New Laser Annealing Process Produces High Performance Integrated Circuits

Lithography represents one of the most important phases in the production of integrated circuits.  Photolithographic steps establish patterns on chips or light-sensitive material called a photoresist. After undergoing a series of chemical treatments, the exposure pattern can be engraved into the photoresist or through a deposition of new material underneath the photoresist.

Traditionally, semiconductor manufacturers use an extensive baking (hotplate) process at temperatures of 100-450°C. The low temperature is crucial to avoid degradation of the photoresist properties.

However, the hotplate process fabricates one wafer at a time – a time consuming process.  A single silicon wafer may require as many as 50 cycles, which prepares multiple levels of patterns on the resist.

Steady improvements in lithography have driven the expansion of the semiconductor industry. However, the baking method has been a mainstay for 50 years.

Cornell’s Laser Spike Solution

As the semiconductor industry moves toward creating smaller and smaller chips, two researchers at Cornell University’s Materials Science and Engineering department, Christopher Ober and Michael Thompson, have answered the call for innovative processes that that allows scalability of production.

The scientists have developed a laser annealing process that is applicable to thin photoresist films used in extreme ultraviolet (EUV) lithography and 193nm applications.

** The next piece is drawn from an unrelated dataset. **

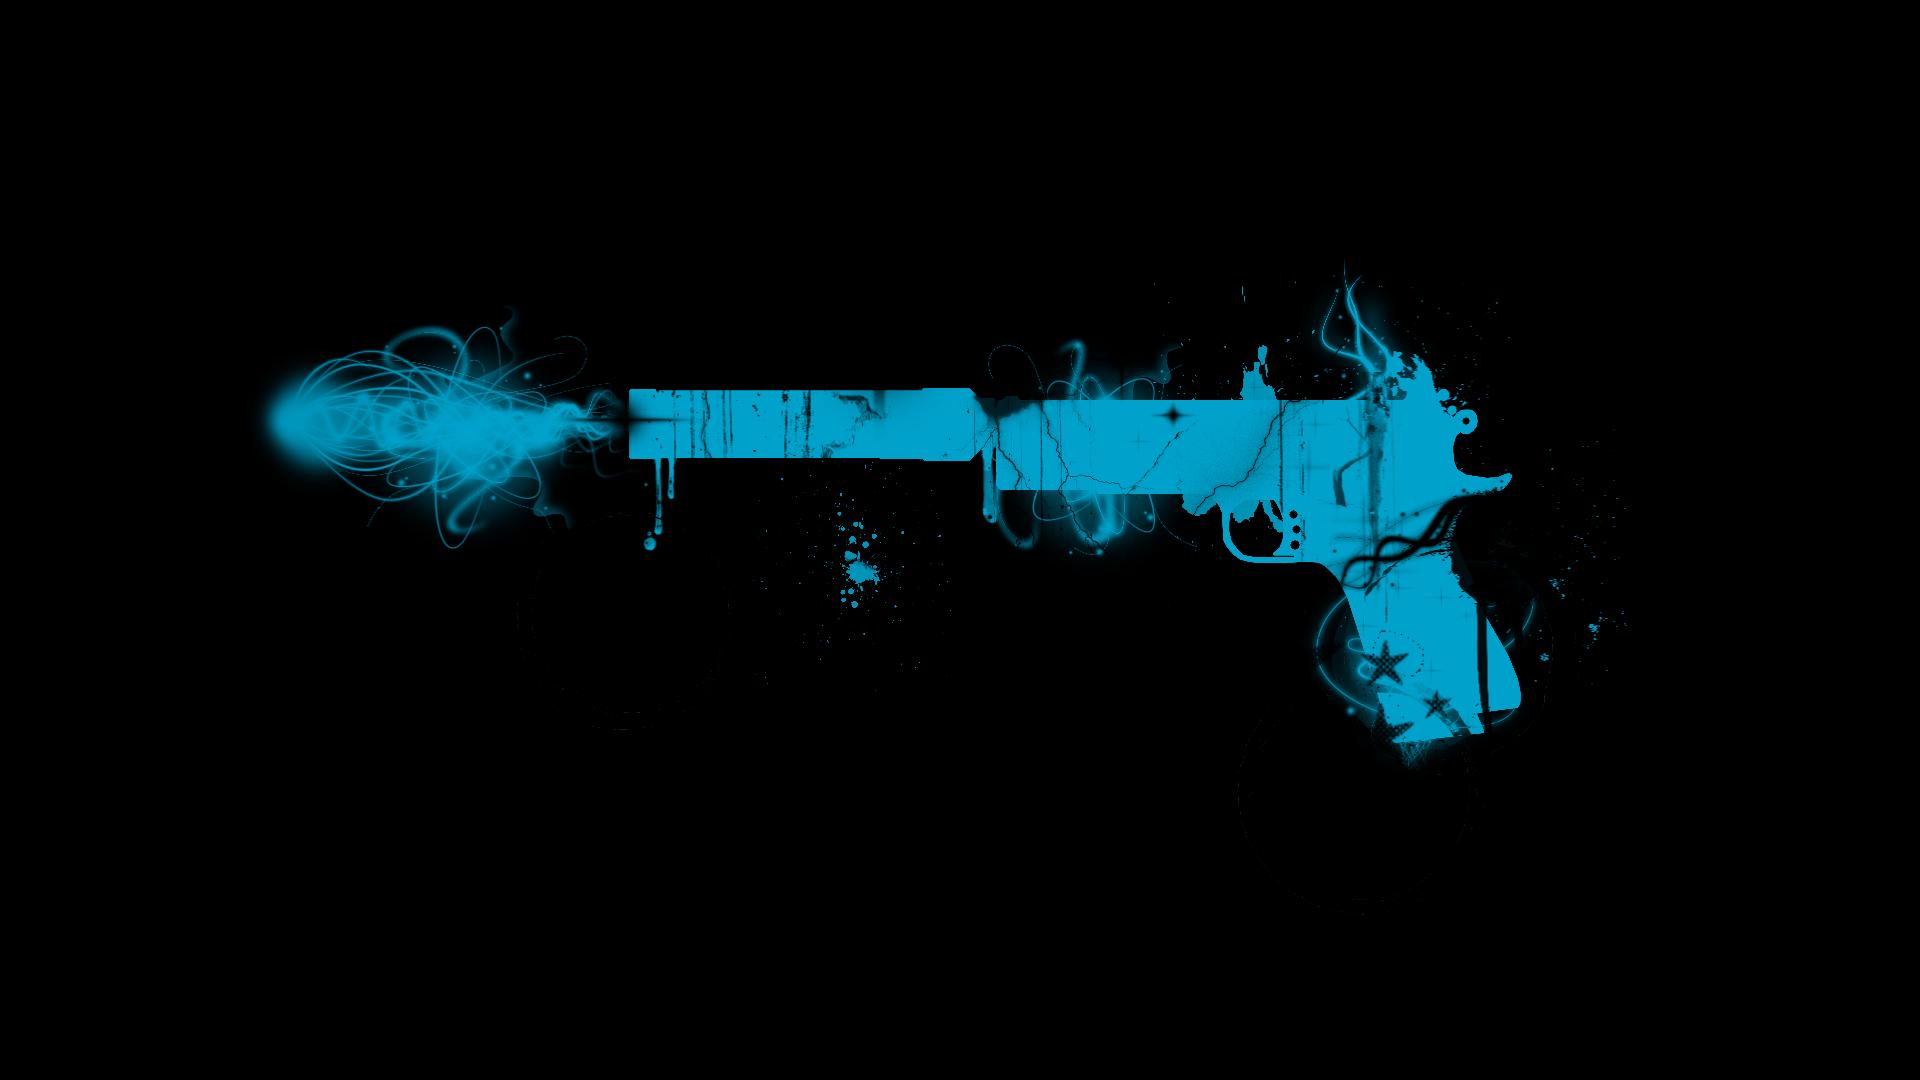 Colt 1911 Wallpaper by Danchix 1920x1080
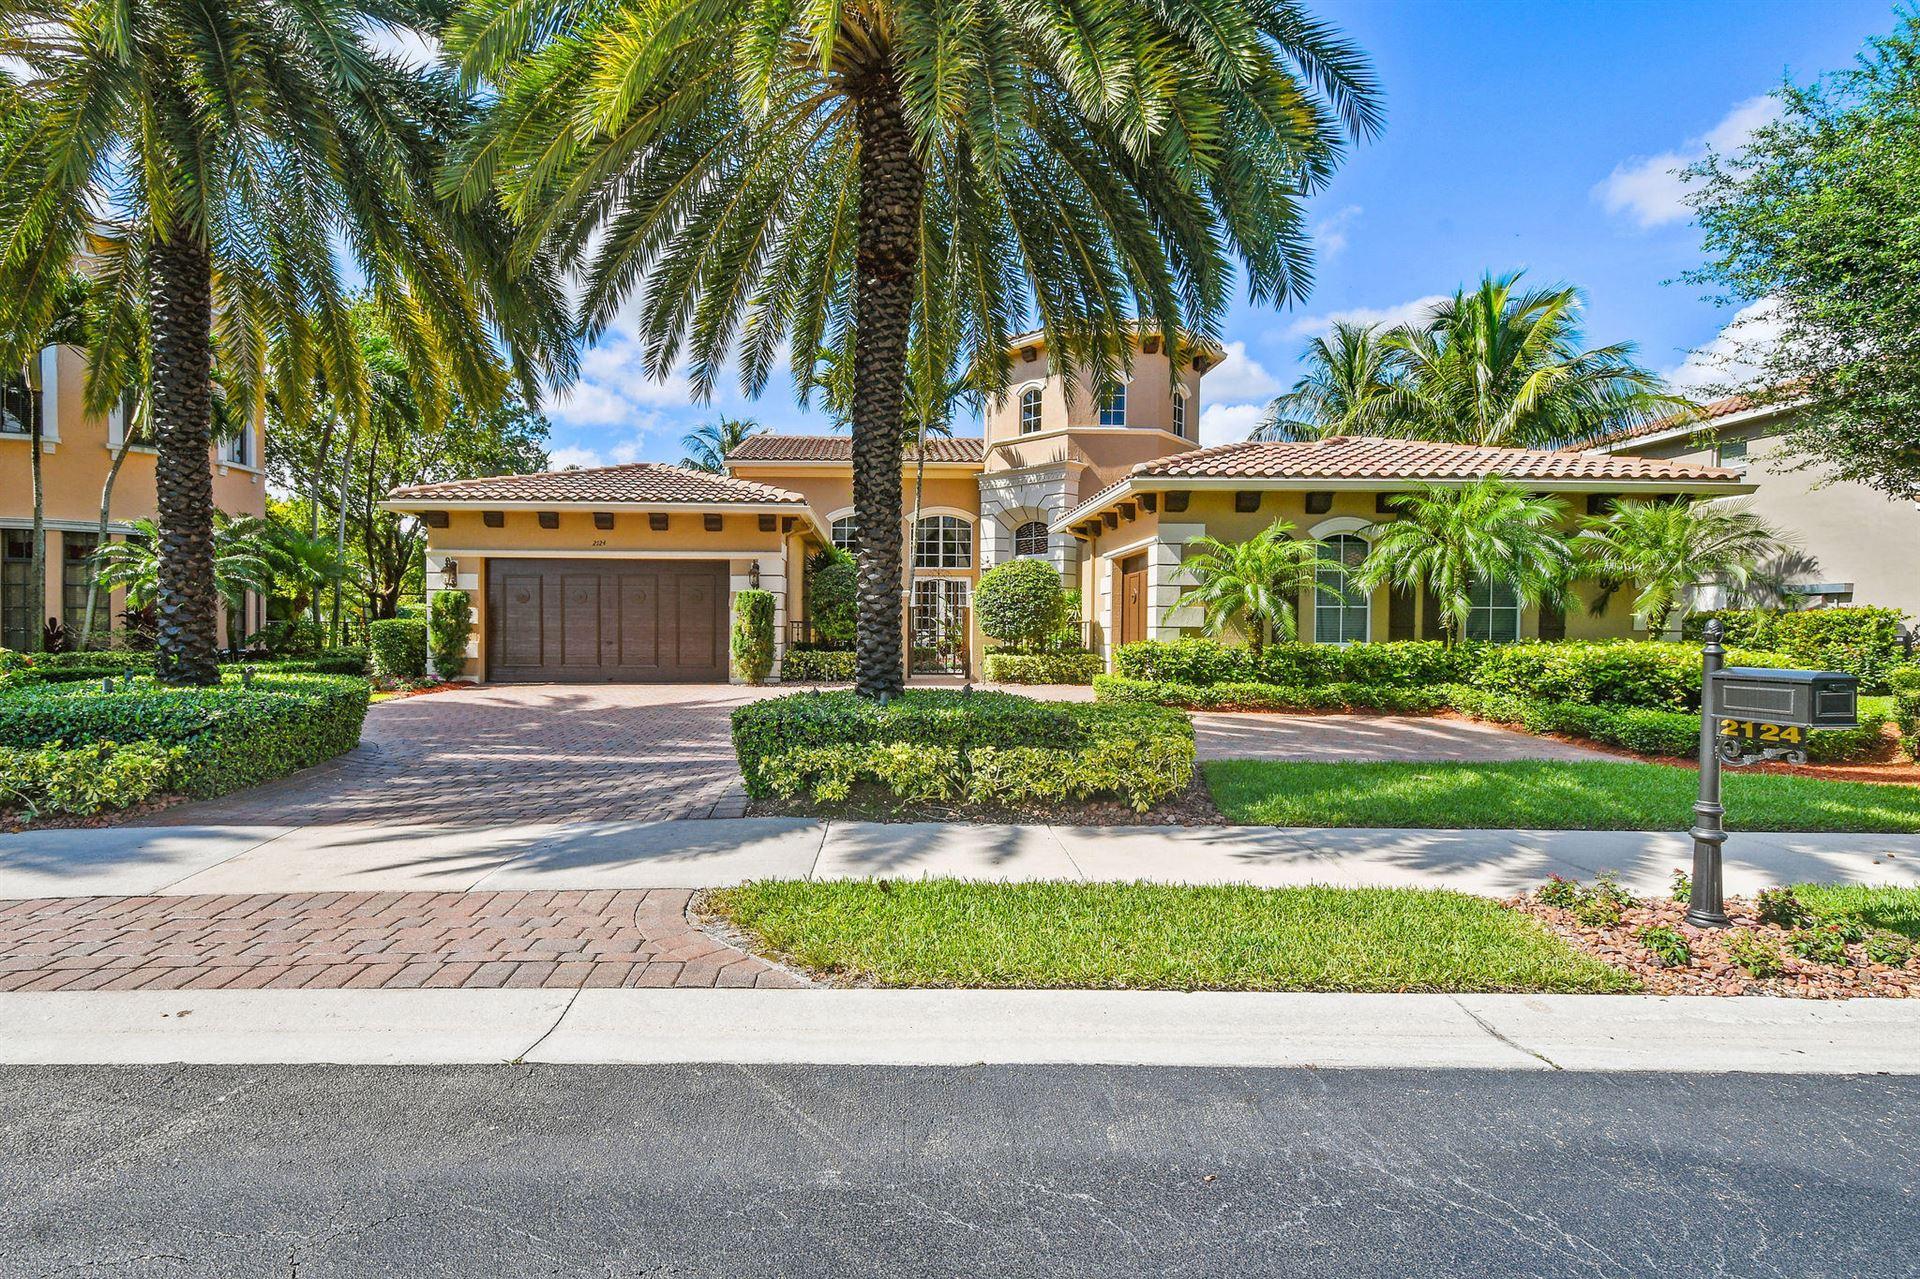 Photo of 2124 Milano Court, Palm Beach Gardens, FL 33418 (MLS # RX-10657608)

The process uses continuous wave lasers, which heats polymers (materials) at significantly higher temperatures, up to 800°C, for millisecond at a time. The breakthrough innovation limits chemical diffusion during the annealing process. Chemical diffusion compromises the quality and fidelity pattern transferred to the wafer, which affects device performance.

The scientists tested the cutting-edge laser process on diode and CO2 lasers. Using a EUV lithographic exposure tool, Ober and Thompson have fabricated IC features at 30nm or less, said Ober.

Benefits to Semiconductor Manufacturers

Professor Ober states that at one time many researchers in the semiconductor sector believed the industry had maximum optimization for photoresist heating, but the new technology “proves otherwise.”  Because patterns transfer faster and create a “better pattern fidelity process and line-edge roughness”, the innovation will lead to chips that perform better and cost less, according to Ober.

Semiconductor Research Corporation sponsored the Cornell research team.  Bob Havemann, the director of nano-manufacturing sciences for a research group states that several semiconductor companies are working on bringing advanced annealing processes to the marketplace.  The research consortium includes Intel, AMD, Texas Instrument, and IBM.